In my teaching, I occasionally make use of an octave displacement of an individual note (or perhaps a group of notes) in a line or a passage. I do this when the note involves what might be perceived as a stretch, whereas an actual stretching out of the hand is either unnecessary, unfeasible or downright impossible. It doesn’t stop pianists trying though, even if they are not aware of this. By placing the note in question an octave higher or lower, it is obvious that any attempt to reach it by the finger is futile. Thus, we retain our closed-handedness and (depending on circumstances) either use the note before as a springboard to landing on the note in question, or we use forearm rotation, getting there quickly and loosely that way. When we to back and play the written note, we will have solved a technical problem.

Since I used an example from Beethoven’s Pathétique Sonata in a previous post, here is another from the same work (bar 83 in the first movement). Instead of playing the first note from each group as written, we might practise (under the tempo) thus:

I have noticed people get in a tangle in the passage beginning in bar 46 (with the ornaments in the RH). If you take every other slurred pair and play an octave higher (under the tempo but not too slow), you will need to be loose to make the movement up and back. When you go back to the original, you aim to retain the freedom in the hand and the arm you experienced with the octave displacement:

Another way of using the idea of octave displacement is if you need to repeat a snippet that has caused you to get in a tangle, when you want a clean slate between repetitions and the feeling of approaching it anew each time. Instead of simply jabbing at it a few times as written, you can avail yourself of the whole keyboard and repeat in different registers. By repeating this all over the keyboard and connecting each repetition to a pulse, considerable mental and muscular freedom is achievable in a way that playing over and over in situ will not be. Of course, if you want to go the extra mile, it is worth transposing into a couple of other keys too, but if you do this, it is vital to preserve the fingering of the original, even though it will feel contrived.

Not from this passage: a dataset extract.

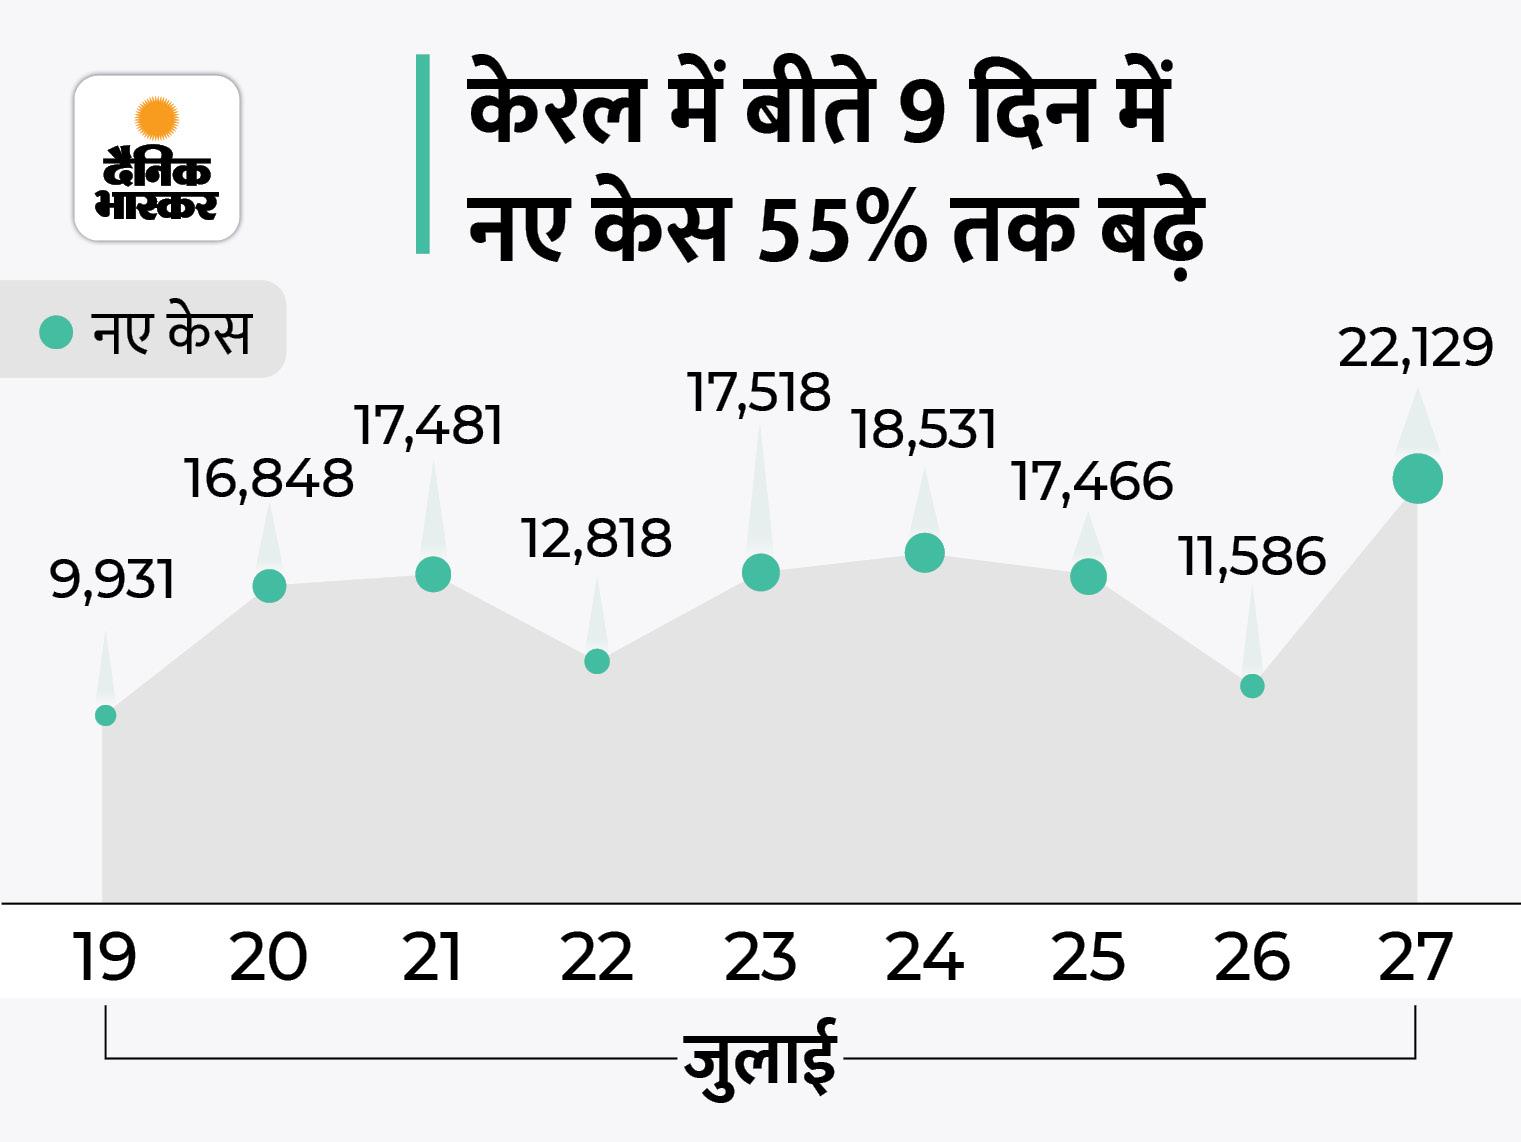 बीते दिन 42966 संक्रमित मिले, 41491 ठीक हुए और 641 की मौत; केरल में 22129 केस आए, यह पिछले 2 महीनों में सबसे ज्यादा|देश,National - Dainik Bhaskar

We’re learning a new piece and we come across a particular chord that requires us to pause and figure it out carefully. Take a moment to analyse it (so you don’t have to work it out all over again next time), and attach a theoretical label if possible. Alternatively, recognise whatever shapes, patterns and intervals are meaningful to you and then aim to play the chord in several different registers of the piano. Play it an octave higher, then two octaves (if there’s room). Do it in lower octaves, of course. If you can get there directly, securely and confidently, then the shape and sound of the chord will be more clearly etched on your consciousness than if you had just repeatedly played it in situ. Each register will give you a subtly different kinaesthetic sense of the chord (hand/arm positions will not be exactly the same), as well as an altered aural perception of it. Put simply, you’ll know it better on many levels.